Но здесь… Что-то просто оторвало задвижку. Приглядевшись, Офелия увидела на твердом дереве тонкие борозды, обнажающие свежую поверхность под слоем потемневшей от времени древесины. По спине побежали мурашки. Она попыталась убедить себя, что бояться нечего. Это сделало животное. Какое-то животное из леса, например древолаз. Они сообразительные, и у них цепкие пальцы; они могут хватать и тянуть не хуже людей. Древолазы долго не решались войти в опустевший поселок, но со временем осмелели. Это объяснило бы и прочие странности последних дней.
Будь это существа, убившие тех поселенцев, они бы давно ее прикончили. А значит, их тут нет, значит, это всего лишь древолазы. Она не видела их просто потому, что они слишком пугливы.
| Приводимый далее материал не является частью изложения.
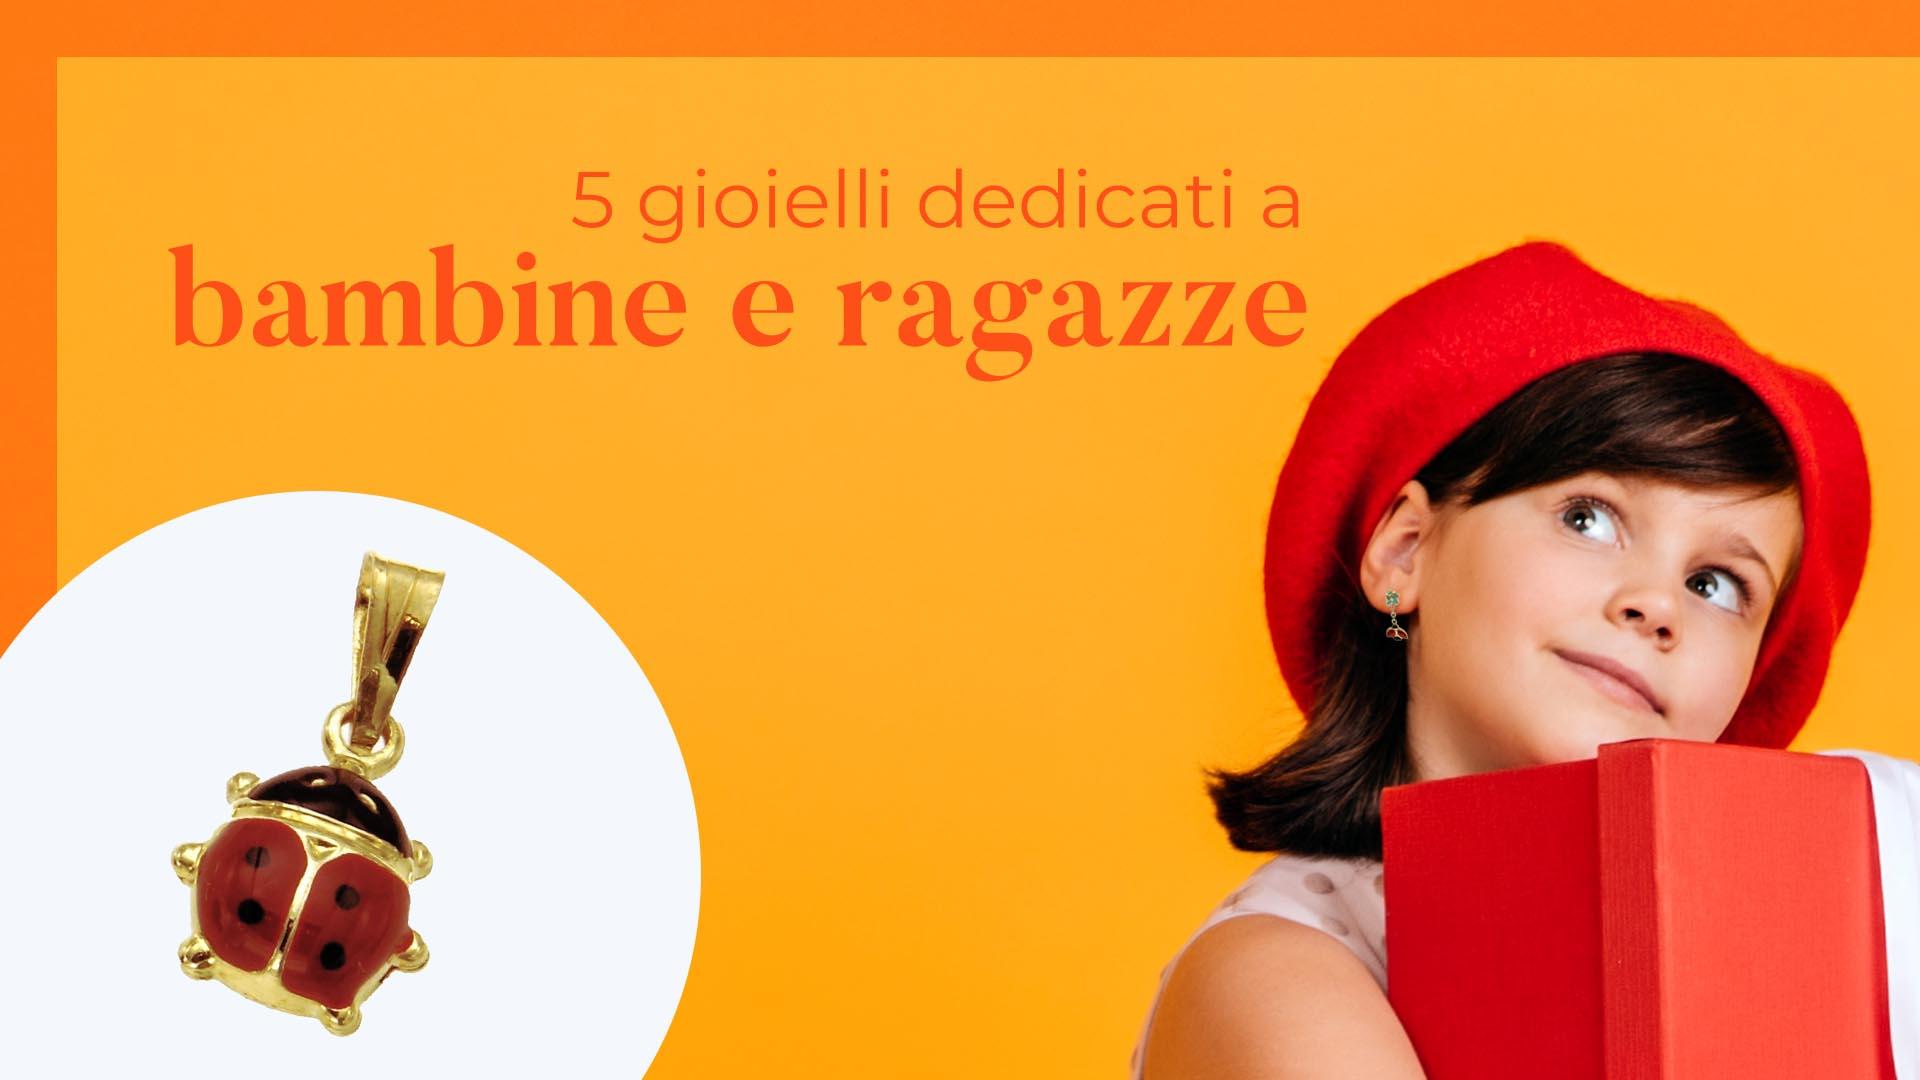 Gioielli per bambine indossate da una giovane modella con basco arancione che tiene una scatola regalo

В лесу они куда смелее, но ведь там они у себя дома. Неудивительно, что они робеют в поселке, да и слух у них куда лучше, чем у нее, и зрение, возможно, тоже. Им легко не попадаться ей на глаза.
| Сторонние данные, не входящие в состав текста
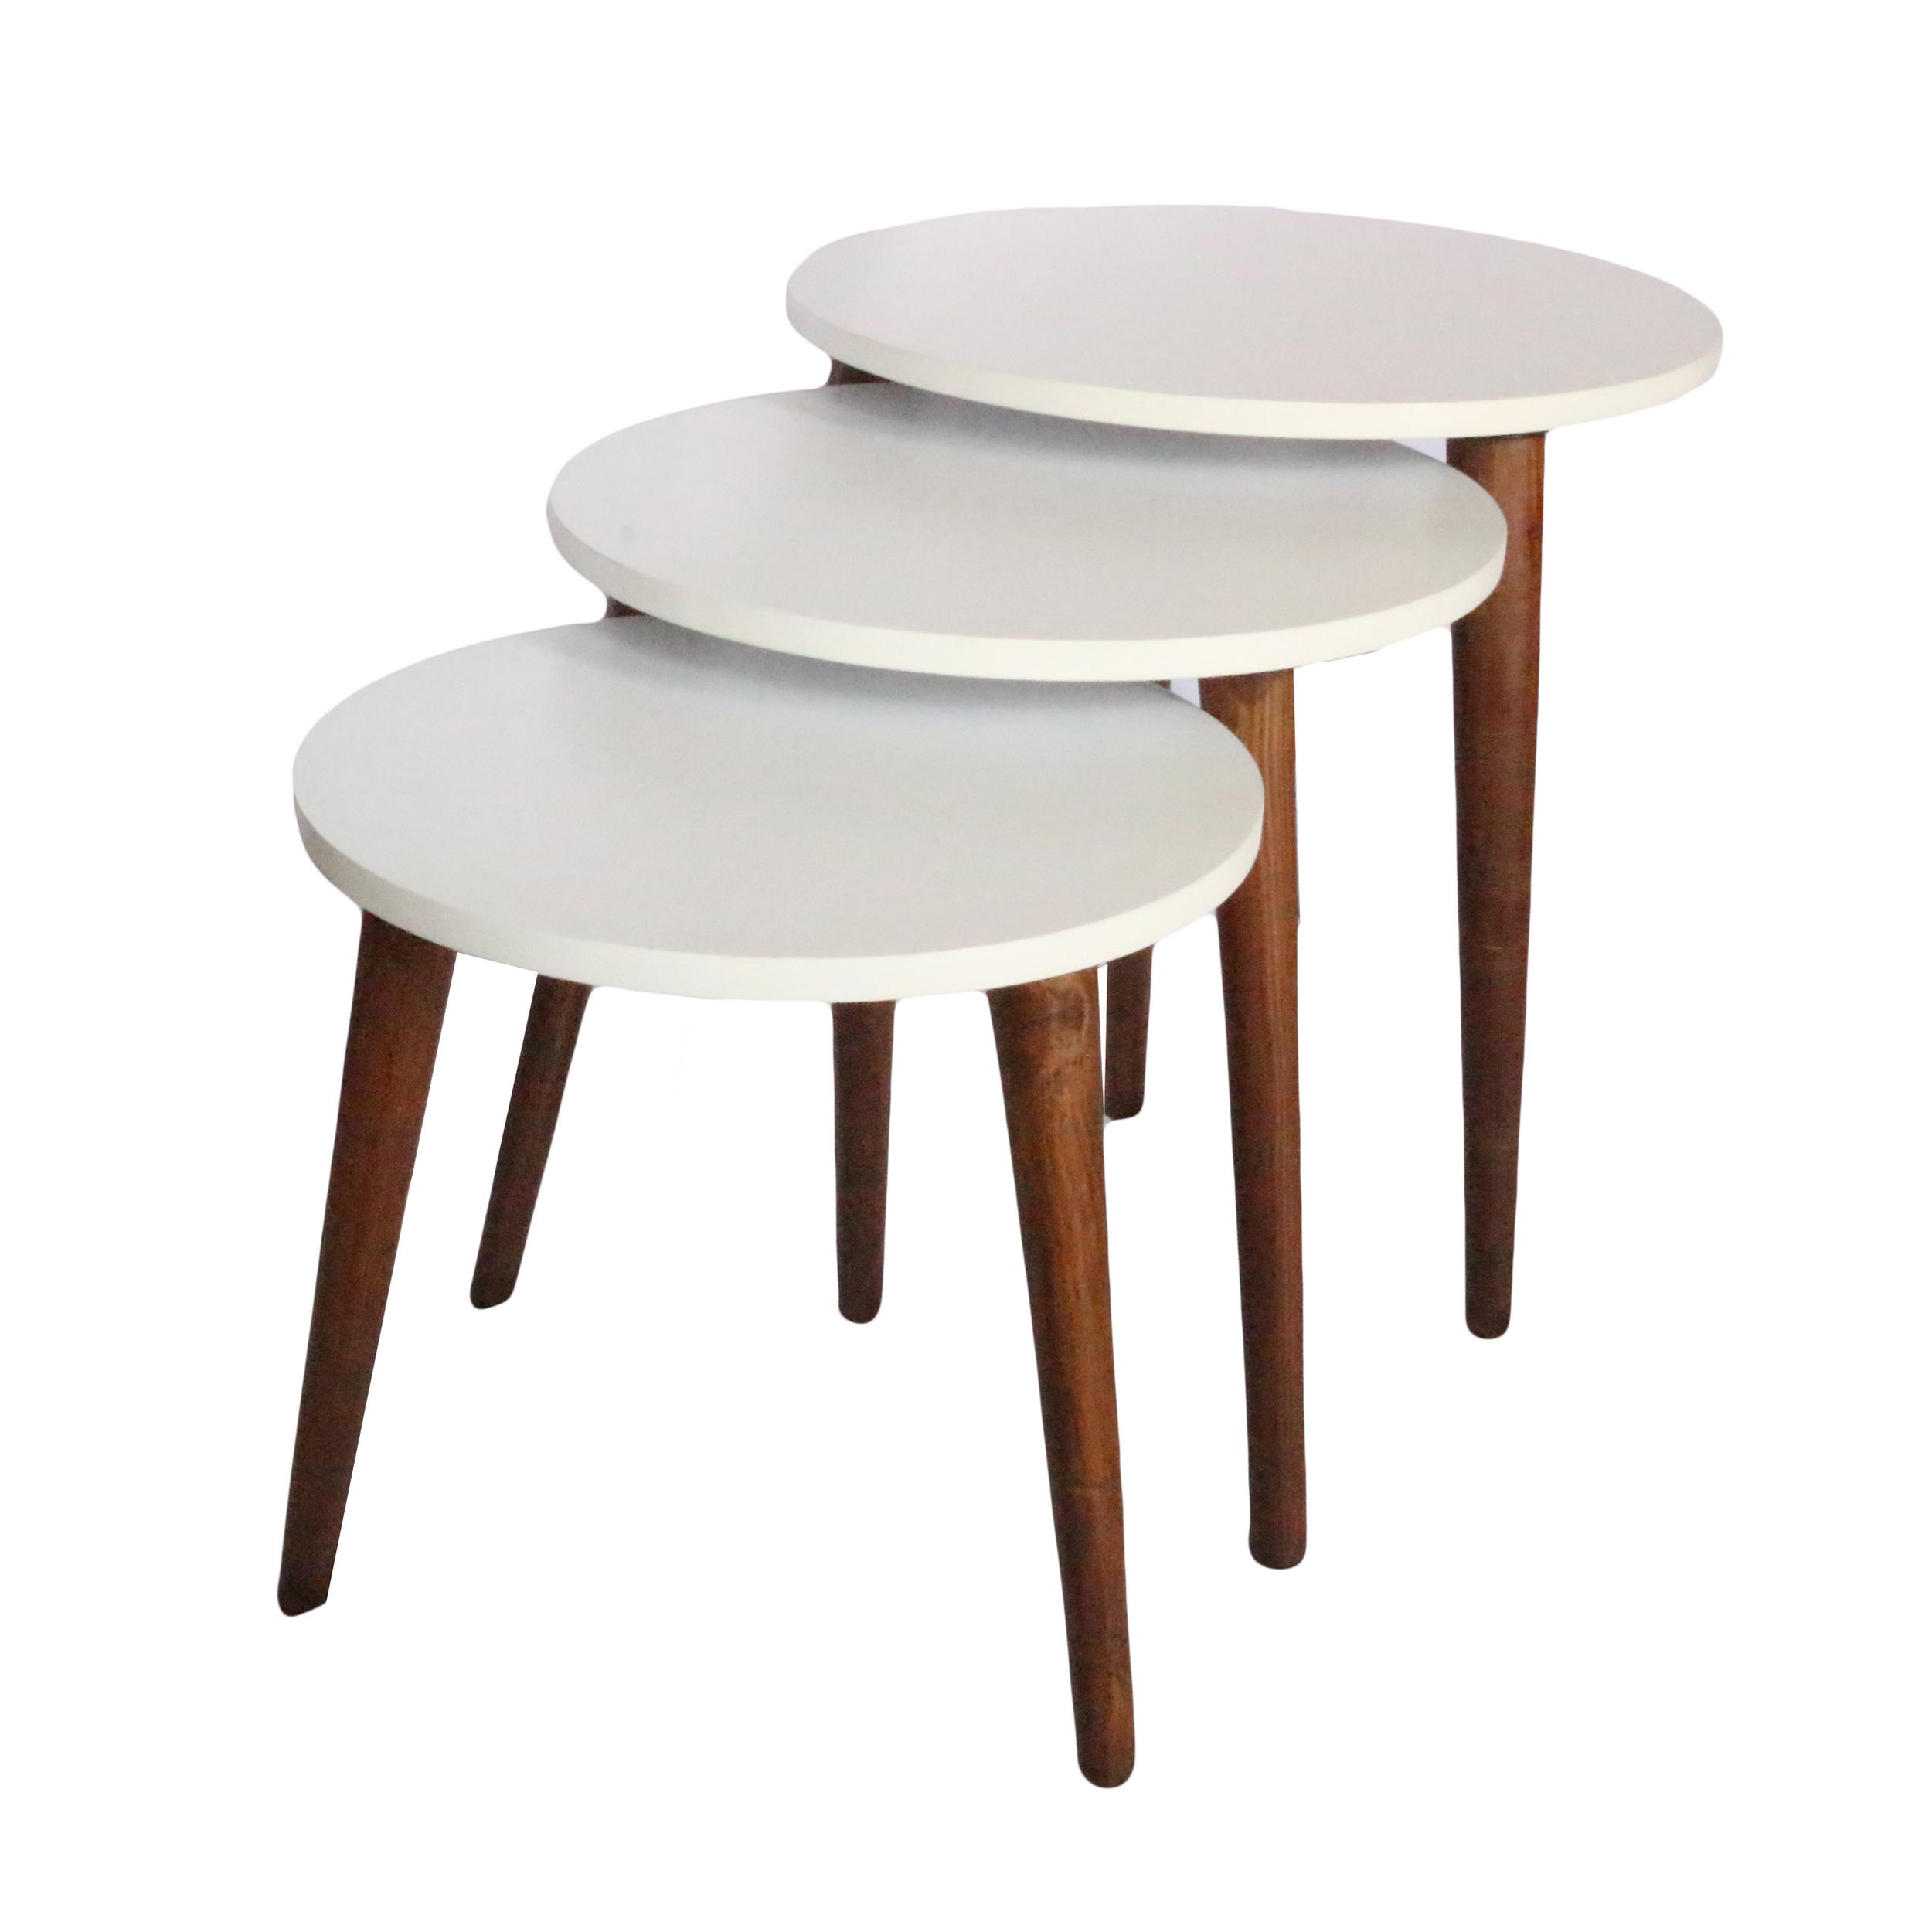 میز عسلی مدل ADCS01 مجموعه 3 عددی

Она закрутила шурупы, на которых держалась щеколда, проверила, ровно ли получилось. Дверь закрылась плавно. Офелия заставила себя войти в дом. Пусто, как и ожидалось. Стертая пыль на полу подтвердила ее догадку о лесных животных; а может даже, это ее собственные следы, оставшиеся с тех пор, когда она заходила сюда в последний раз. Она вышла на улицу, заперла дверь на задвижку и на засов и пообещала себе не поддаваться искушению проверить дом еще раз вечером. Можно сделать это завтра, когда она займется окнами на соседнем доме. Одна ставня полностью отвалилась, и ветка плодового дерева упиралась в стекло, несмотря на безветренную погоду.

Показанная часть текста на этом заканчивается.